Researchers have uncovered how certain bacteria adapt to prolonged antibiotic exposure by dramatically altering their shape. This groundbreaking study appears in Nature Physics.
For decades, antibiotics have saved millions of lives by combating bacterial infections. Yet the battle is far from over. Bacteria continuously evolve, developing resistance through overuse of these vital drugs.
As a result, treatments are losing effectiveness. Scientists are raising alarms, urging stricter controls on antibiotic use to prevent a total breakdown. The World Health Organization warns that resistant bacteria could claim up to 10 million lives annually by 2050.

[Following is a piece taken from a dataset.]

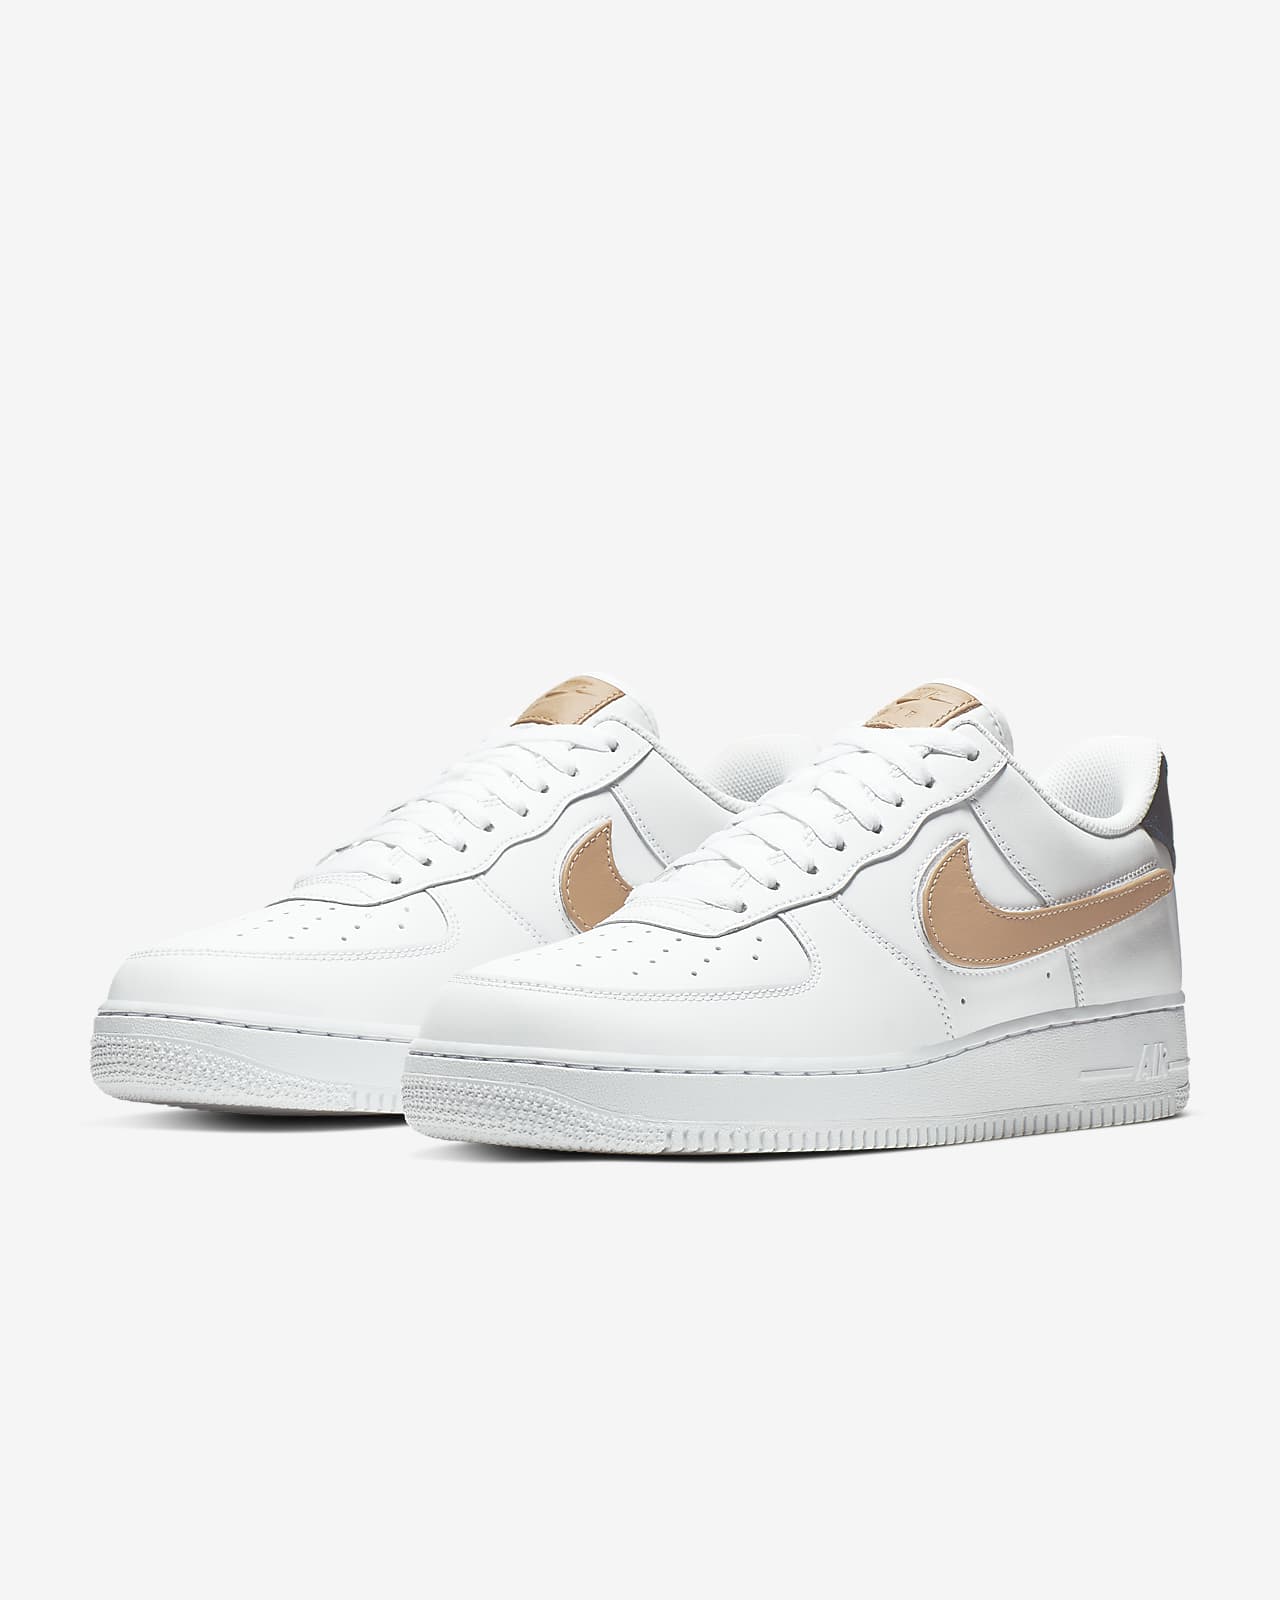 Chaussure Nike Air Force 1 '07 LV8 3 Removable Swoosh pour Homme

New strategies are urgently needed to thwart these infections. Experts are dissecting bacterial defense mechanisms, including well-known lateral gene transfer—the primary driver of resistance spread. A team led by Shiladitya Banerjee at Carnegie Mellon University has now identified a novel adaptation.
The study examined how antibiotics impact the growth and form of Caulobacter crescentus, a key model bacterium. Exposure to non-lethal doses of chloramphenicol—a broad-spectrum antibiotic—over multiple generations allowed these bacteria to "recover their pre-stimulus growth rate while undergoing dramatic changes in cell shape," the authors report.
In essence, after about 10 generations under low-dose pressure, the bacteria curled inward, radically reshaping themselves. Once antibiotics were removed, cells reverted to their original form over several generations.

Single-cell experiments and theoretical modeling reveal that increased cell width boosts volume, diluting internal antibiotics. Curvature and width also reduce the surface-area-to-volume ratio, limiting antibiotic entry through the cell membrane.
"This research holds major implications for human health and will likely spur further molecular studies on how cell shape influences bacterial growth and antibiotic resistance," Banerjee concludes.